What does this mean for any $a$ greater than $2$, and $x$, $y$ and $z$ are positive integers in the equation $a^x+a^y=a^z$. Is there any relation? Is it solvable?
Here's a less algebraic way to interpret your question: Look at things in base $a$. Then the equation $a^x+a^y=a^z$ looks like $1 \ldots 0 + 1 \ldots 0 = 1\ldots0$. (where the number of zeros is $x$, $y$, or $z$) This can only work if we're in base $2$ and the addition carries to produce a $1$ in the next digit.
Clearly we must have $x, y<z$. Suppose $x\not=y$; WLOG, suppose $x<y$. Then this can be rewritten as $$a^x(1+a^{y-x})=a^xa^{z-x},$$ with $z-x, y-x>0$. This gives $$1+ a^{y-x}=a^{z-x};$$ but the right hand side is divisible by $a$, while the left hand side is not.
So we must have $x=y$. But then this yields $$2a^x=a^z,$$ which in turn yields $$2=a^{z-x}$$ with $z-x>0$. So there are no nontrivial solutions.
The equation $a^x+a^y=a^z$ has no solutions in positive integers with $a\gt 2$. For suppose the relation holds.

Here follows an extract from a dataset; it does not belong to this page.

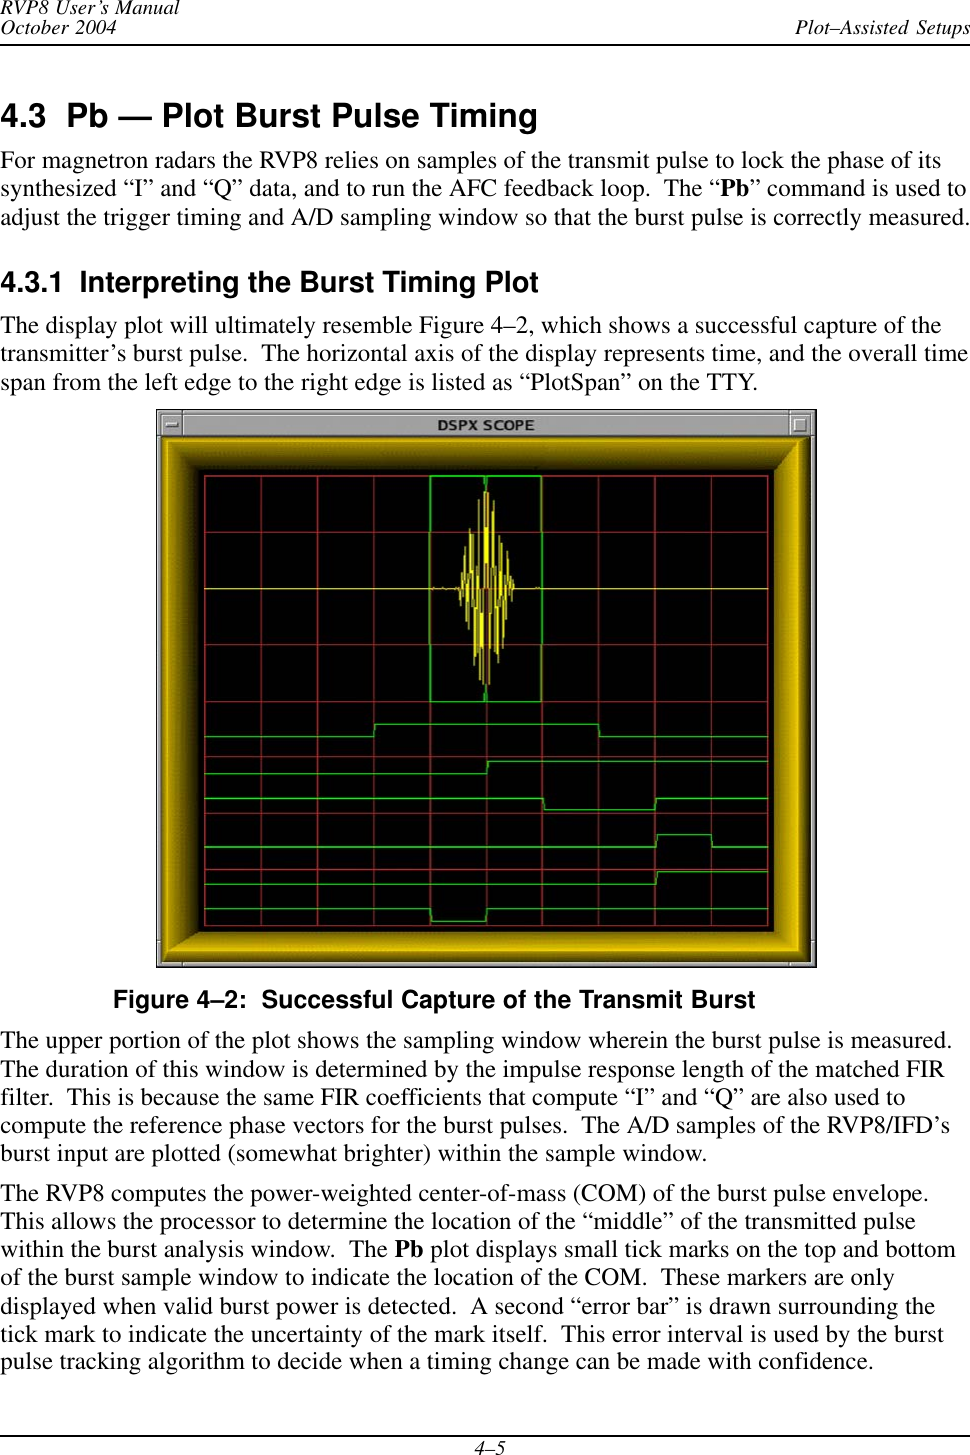 Plot–Assisted SetupsRVP8 User’s ManualOctober 20044–54.3  Pb — Plot Burst Pulse TimingFor magnetron radars the RVP8 relies on samples of the transmit pulse to lock the phase of itssynthesized “I” and “Q” data, and to run the AFC feedback loop.  The “Pb” command is used toadjust the trigger timing and A/D sampling window so that the burst pulse is correctly measured.4.3.1  Interpreting the Burst Timing PlotThe display plot will ultimately resemble Figure 4–2, which shows a successful capture of thetransmitter’s burst pulse.  The horizontal axis of the display represents time, and the overall timespan from the left edge to the right edge is listed as “PlotSpan” on the TTY.Figure 4–2:  Successful Capture of the Transmit BurstThe upper portion of the plot shows the sampling window wherein the burst pulse is measured.The duration of this window is determined by the impulse response length of the matched FIRfilter.  This is because the same FIR coefficients that compute “I” and “Q” are also used tocompute the reference phase vectors for the burst pulses.  The A/D samples of the RVP8/IFD’sburst input are plotted (somewhat brighter) within the sample window.The RVP8 computes the power-weighted center-of-mass (COM) of the burst pulse envelope.This allows the processor to determine the location of the “middle” of the transmitted pulsewithin the burst analysis window.  The Pb plot displays small tick marks on the top and bottomof the burst sample window to indicate the location of the COM.  These markers are onlydisplayed when valid burst power is detected.  A second “error bar” is drawn surrounding thetick mark to indicate the uncertainty of the mark itself.  This error interval is used by the burstpulse tracking algorithm to decide when a timing change can be made with confidence.

Without loss of generality we may assume $x\le y$. Then $$1+a^{y-x}=a^{z-x}.$$ This is only possible if $y=x$, $a=2$, and $z=x+1$.
Informally, but intuitively:
Let's say $a = 3$. Then, we're looking at the sequence $\{1, 3, 9, 27, 81\}$. The numbers are clearly too far apart for adding two of them to reach the next one.

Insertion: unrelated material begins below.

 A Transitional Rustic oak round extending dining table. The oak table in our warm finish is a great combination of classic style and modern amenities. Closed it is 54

This leads us to a slightly more formal proof:
Let's say that $x \leq y$. Then, $$a^x + a^y \leq a^y + a^y = 2a^y < a(a^y) = a^{y+1}$$ So $z$ must be between $y$ and $y + 1$, so there's no possible solution.
We can also note that $$\sum_{k=1}^{k=z-1}{a^k} = {a^z-1\over a-1} < a^z$$
Meaning, even if we added all the exponents of $a$ less than $z$, we still wouldn't reach $a^z$.
It is clear that $1+a^{y-x}=a^{z-x}$ where $a=1$,$x=y=z$ is an obvious solution. On the other hand the minimun difference of powers of integers is of the forme $2k+1$ which corresponds to squares.So, (making abstraction of the previous division by zero!) this would gives $a=0$.